Lo que lo distingue es la resta. Un traje inglés se construye: entretelado, con hombreras, forrado, moldeado por el sastre en una forma que el cuerpo llena después. La respuesta italiana quita de eso todo lo que el tejido permita: el hombro se deja blando o se le da una cabeza de manga fruncida como la de una camisa, la chaqueta se corta más corta, el delantero queda abierto por debajo del botón y el forro se reduce a la mitad o se suprime. La sisa se sitúa alta y pequeña, lo que suena a limitación y es lo contrario: una sisa alta deja moverse al brazo sin arrastrar consigo la chaqueta entera.
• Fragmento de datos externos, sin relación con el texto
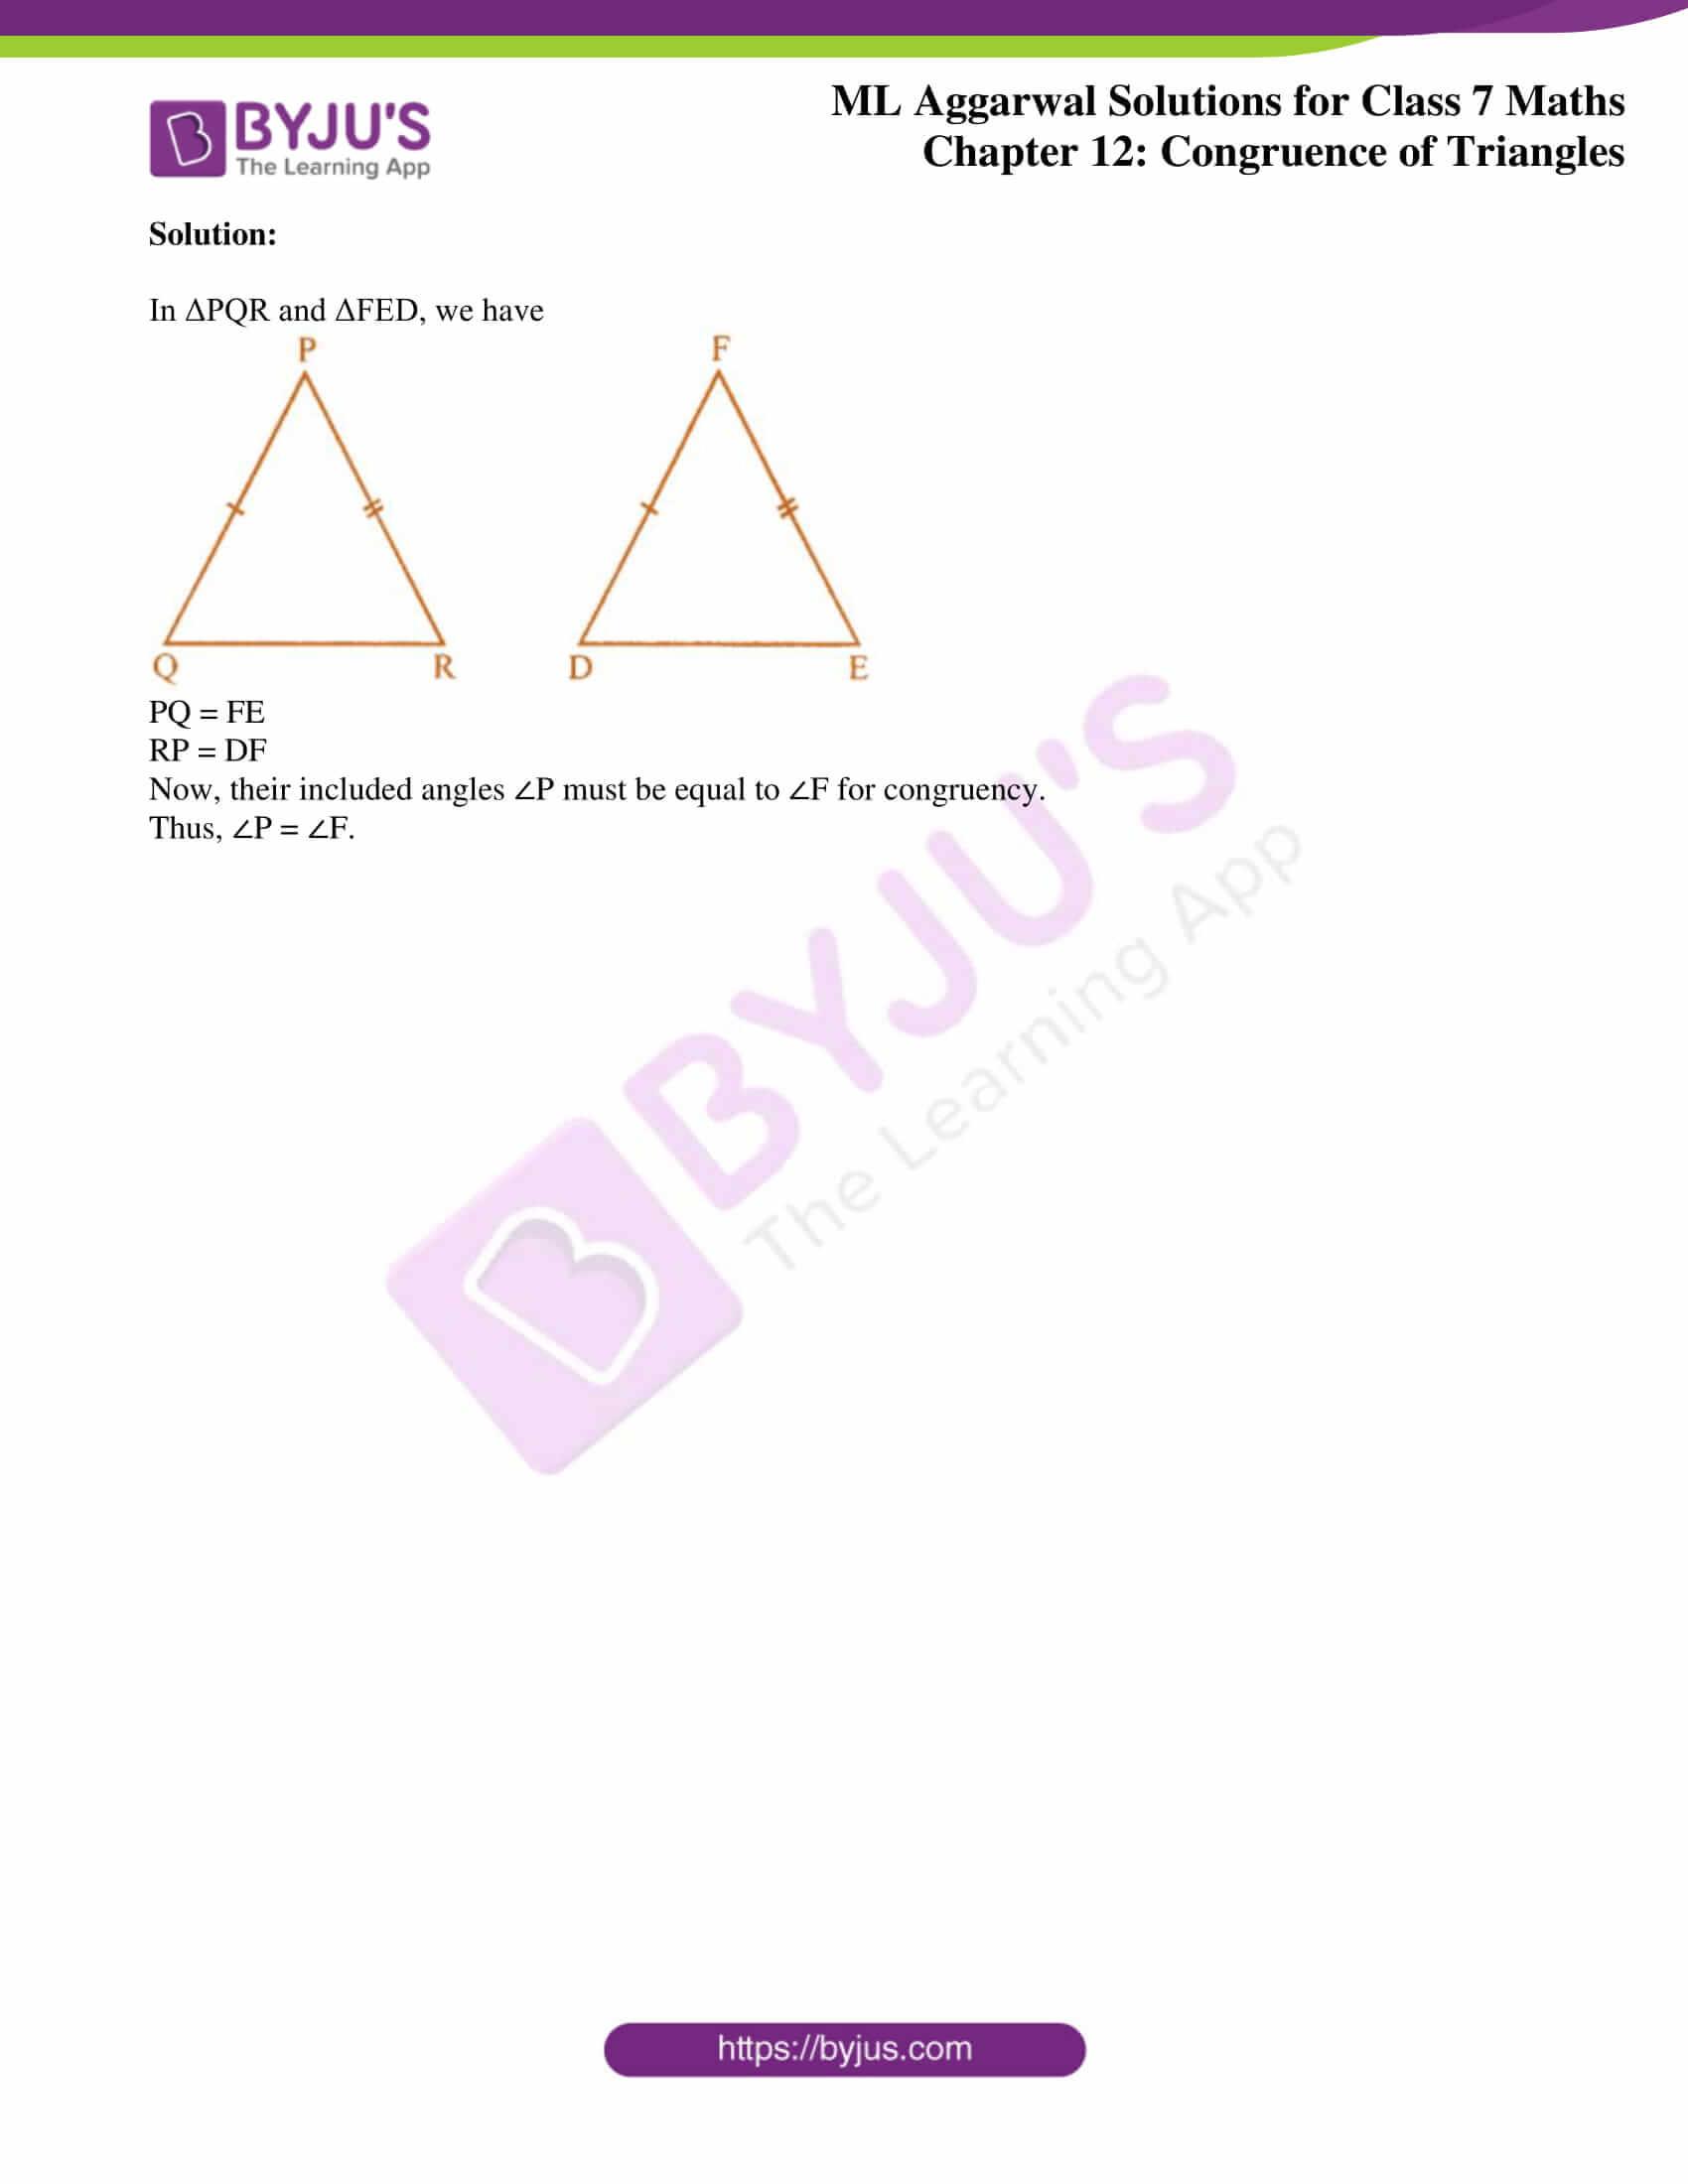 ml aggarwal sol class 7 maths chapter 12 5

Nápoles llevó esto más lejos que nadie; Milán y Roma conservaron más estructura y una línea más limpia.

## Cómo se lleva

El resultado se lleva más cerca del cuerpo que un traje inglés y con menos debajo. Dos botones, de los que se abrocha uno; delanteros que se curvan y se abren en lugar de encontrarse en ángulo recto; pantalones cortados sin pinzas en la tradición del sur y con ellas en el norte. Como hay poca entretela que sostenga la forma, el trabajo tiene que hacerlo el tejido, así que las telas son más ligeras y de tejeduría más abierta; y esa misma ausencia de estructura es la razón de que una chaqueta italiana se arrugue donde una inglesa aguanta, y de que pida llevarse en lugar de guardarse.

## Historia

La sastrería de Nápoles ya era vieja cuando se hizo famosa: los talleres que definieron el estilo blando se establecieron en la década de 1930 y adaptaron el corte de Londres a un clima al que no le convenía. Lo que la convirtió en industria fue el empuje exportador de posguerra. En 1952 la casa romana Brioni mostró ropa masculina en una pasarela de Florencia, una idea que no había existido antes, y el prêt-à-porter italiano siguió el mismo camino hacia las tiendas extranjeras. El hombro blando volvió a hacerse mundial en la década de 1980 con la chaqueta deconstruida de Giorgio Armani, que es el mismo argumento —quitar el relleno— formulado por segunda vez ante un público mucho mayor.